Vietnam Genome Project

VIETNAMESE-SPECIFIC DISEASE-ASSOCIATED VARIANTS AND SNP CHIP

INTRODUCTION

Vietnam-Specific disease-associated variants                                                                                                                                                                                                  Since its inception 13 years ago, the area of genome-wide association studies (GWAS) has demonstrated that it is capable of identifying significant genetic markers.   With more than 78% in the UK biobank and over 85% in the GTEx (Genotype-Tissue Expression) project, two of the largest population genetic projects until 2018, the majority of GWAS studies, however, have focused on populations of European ancestry. Estimates of the effect of genetics on human qualities, such as sickness, will be more precise for the groups that have been the subject of the most research. Inequalities in global pharmacology and customized medicine are thus raising rising concerns due to the significant bias in the usage of human genome information between groups in medical research. Initiatives like 1KVG are a trailblazer in eliminating inequality. This project's ability to find disease-related variations unique to Vietnamese people variants that have not previously been identified in studies that have traditionally favored people of European descent is a noteworthy outcome.                                                                                                                                                                                                                                     

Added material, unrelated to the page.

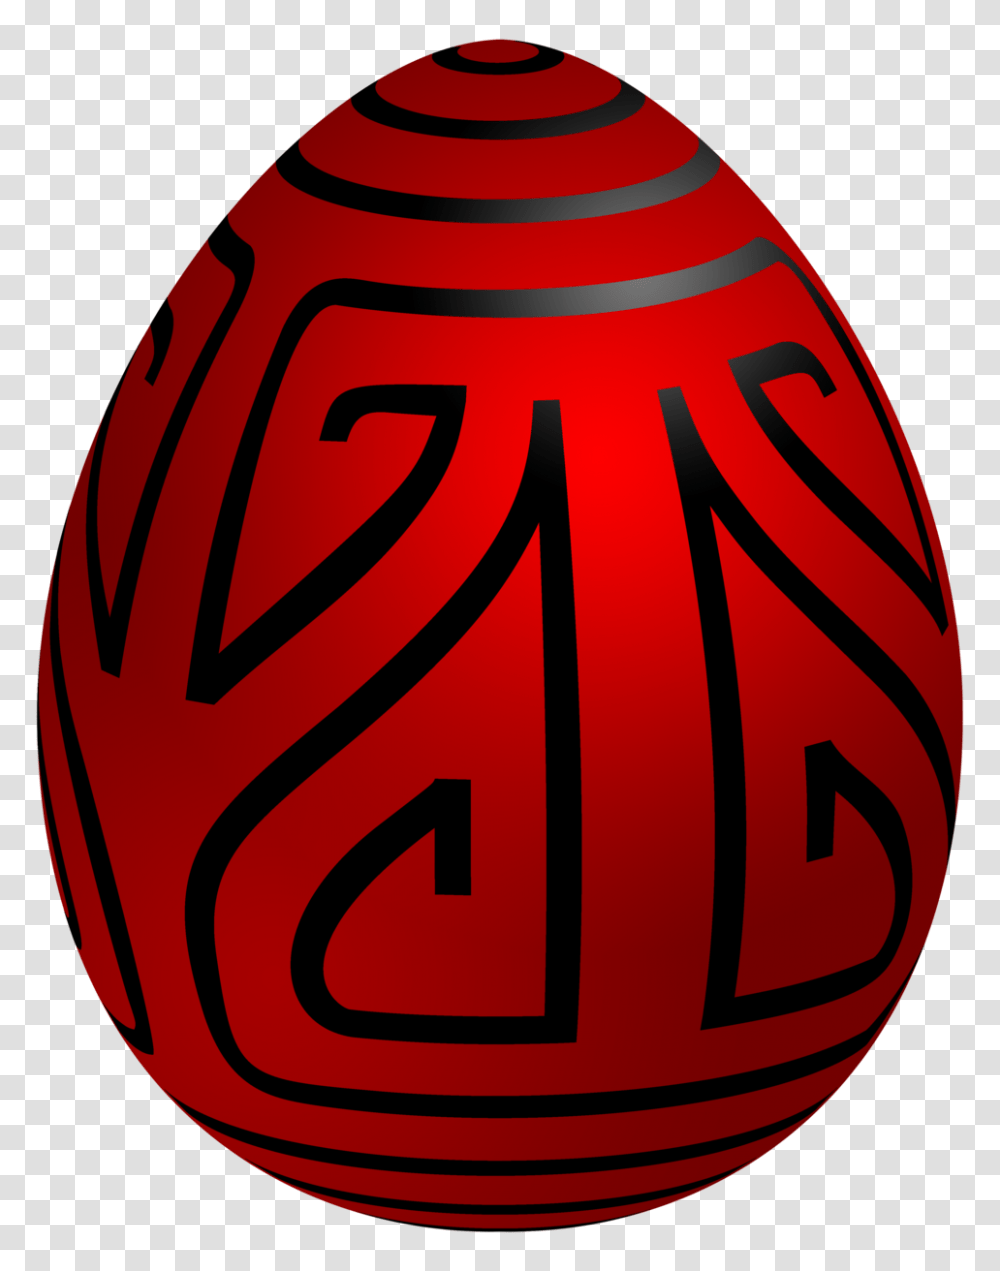 Easter Red Deco Egg Clip Art, Plant, Jar Transparent Png

SNP chip                                                                                                                                                                                                                                                                            Quantitative genetics' significant field of genomic prediction employs thousands to millions of DNA variants in a model to predict phenotypes. 11 As a result, phenotypic predictions are possible. A genomic prediction has greatly aided the livestock business by utilizing a combination of variations with side effects. 12 Visscher et al. have made significant contributions to human population genetics by employing genome-wide variations to determine the heritability of complex characteristics like height and neurological illnesses in humans. 

For Mendelian hereditary disorders, where just one or a few genes are involved in the development of the disease phenotype, a number of commercial SNP chips have been developed. However, the majority of prevalent illnesses are thought to represent complicated genetic features.                                                                                                                                                                        

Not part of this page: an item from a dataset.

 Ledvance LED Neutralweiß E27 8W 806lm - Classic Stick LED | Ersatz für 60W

Overview of LmTag. (i) Imputation accuracy modeling, this includes modeling imputation accuracy metric as a function of LDs, MAFs and genomic distances. (ii) Functional scoring, this includes steps of weighting functional scores of SNPs based on public databases. (iii) Functional tag SNP selection, imputation capability of each SNP is represented as triangles while functional scores are showed in the lower rectangles. When K = 1, the beam search algorithm becomes the best-first search that select SNP with the highest estimated imputation performance - colored bold red triangles. When K > 1, the algorithm selects top K SNPs with the highest estimated imputation performances – colored light pink triangles, the functional scores in these SNPs – colored light green is weighted to find the highest functional SNPs as tag SNPs – colored bold red triangles.

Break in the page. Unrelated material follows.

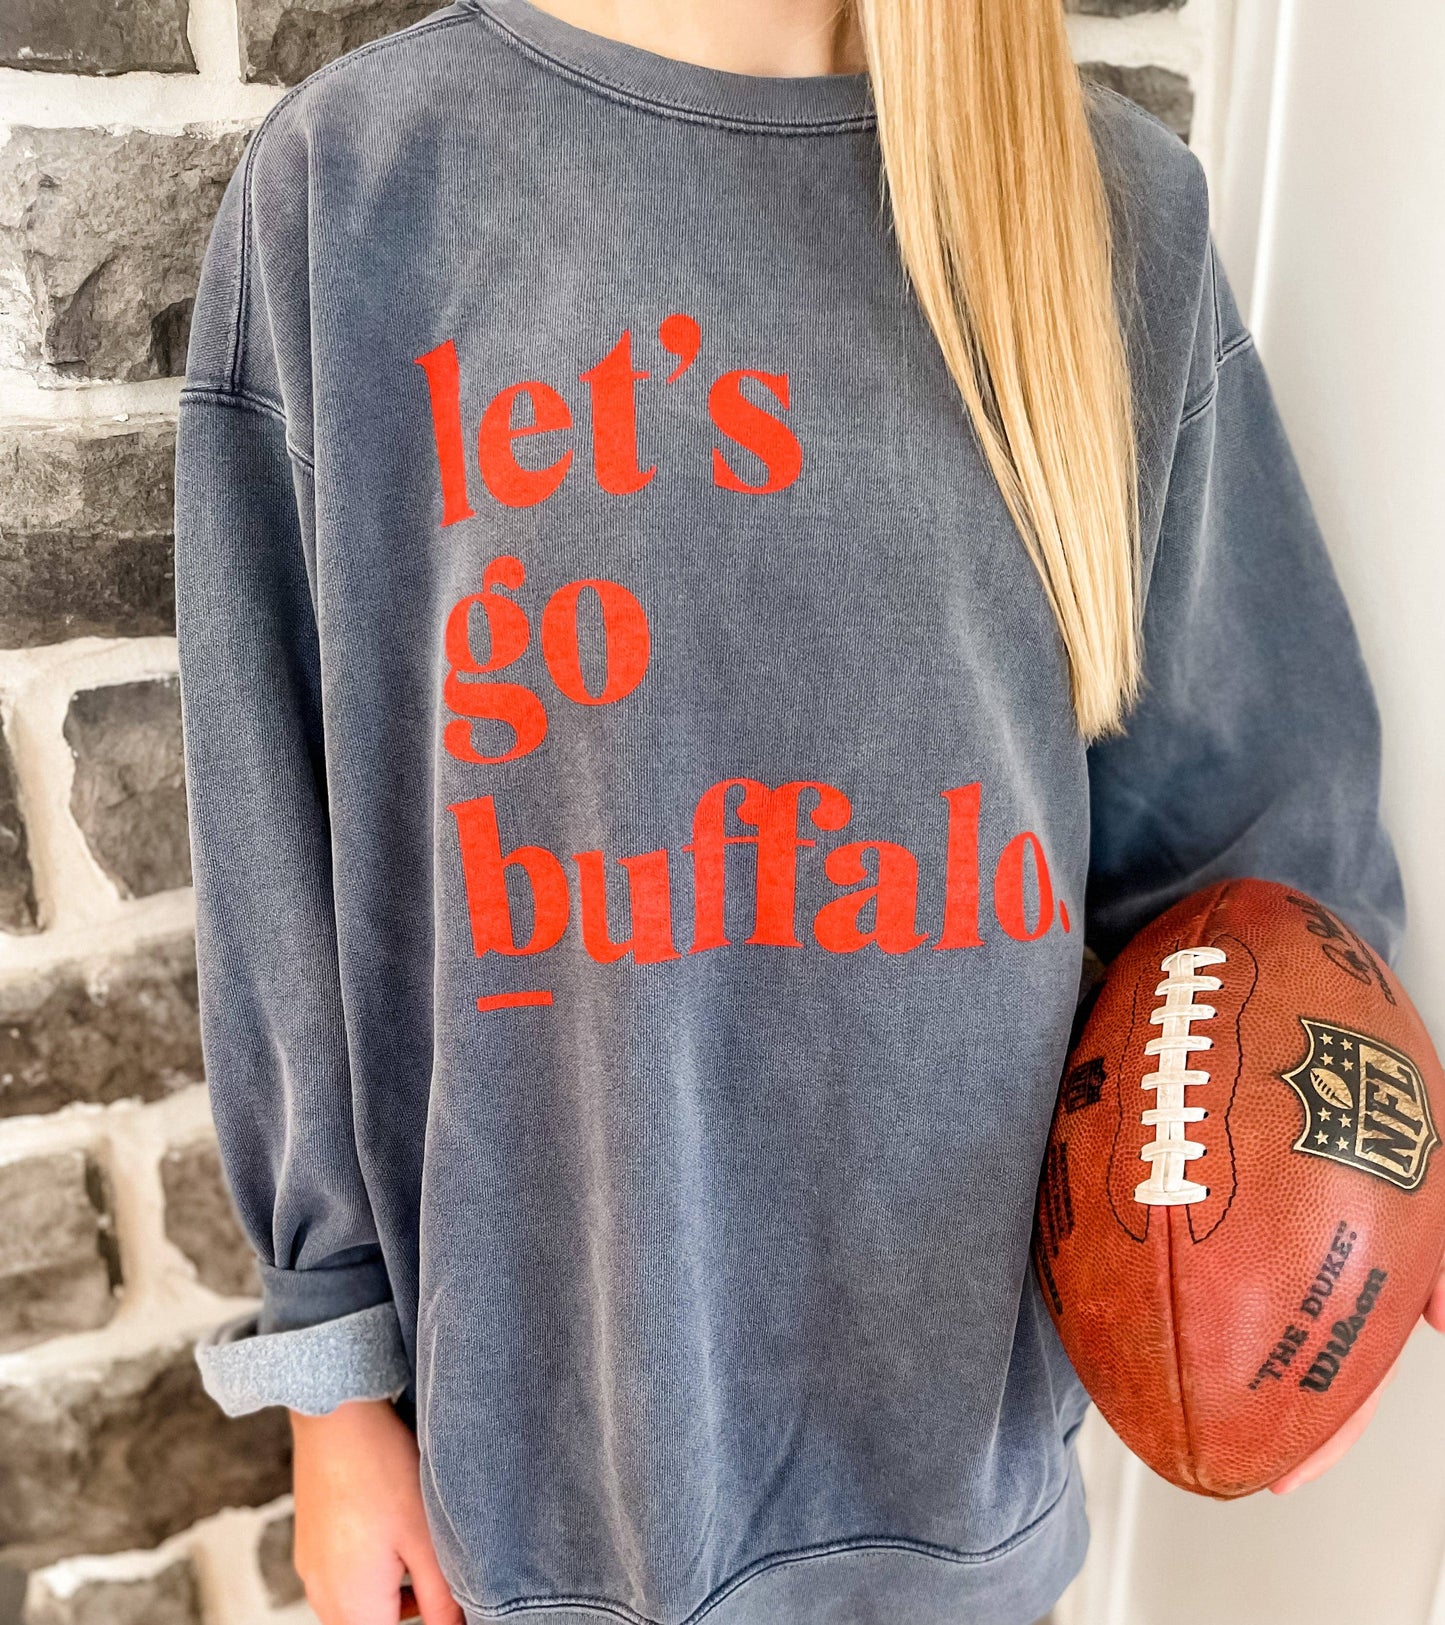 Let’s Go Buffalo Crew Sweatshirt

Overview of LmTag. (i) Imputation accuracy modeling, this includes modeling imputation accuracy metric as a function of LDs, MAFs and genomic distances. (ii) Functional scoring, this includes steps of weighting functional scores of SNPs based on public databases. (iii) Functional tag SNP selection, imputation capability of each SNP is represented as triangles while functional scores are showed in the lower rectangles. When K = 1, the beam search algorithm becomes the best-first search that select SNP with the highest estimated imputation performance - colored bold red triangles. When K > 1, the algorithm selects top K SNPs with the highest estimated imputation performances – colored light pink triangles, the functional scores in these SNPs – colored light green is weighted to find the highest functional SNPs as tag SNPs – colored bold red triangles.

PRODUCT DESCRIPTION

Regardless of the rapid development of next-generation sequencing technologies, microarray-based genotyping combined with the imputation of untyped variants remains a cost-effective means to interrogate genetic variations across the human genome. This technology is widely used in genome-wide association studies (GWAS) at bio-bank scales, and more recently, in polygenic score (PGS) analysis to predict and stratify disease risk. In principle, genotyping SNP arrays are designed by selecting a set of SNPs, commonly referred to as “tag SNPs”, which maximize coverage of un-genotyped DNA variants through associations between these alleles in the population (known as linkage disequilibrium, LD). The fact that the majority of human genetic variants are rare and population-specific demands customizing SNP arrays to improve over those designed for global or super populations. In this project, we aim to utilize the availability of the 1000 Vietnamese genome project with an extensive LD map to customize a novel SNP array for Vietnamese with higher imputation performance. We also leverage the functional variants identified in VGP project to increase the number of likely causal variant in the SNP array content. The new SNP array is expected to provide an accurate platform for genotyping genomes of Vietnamese at an affordable cost.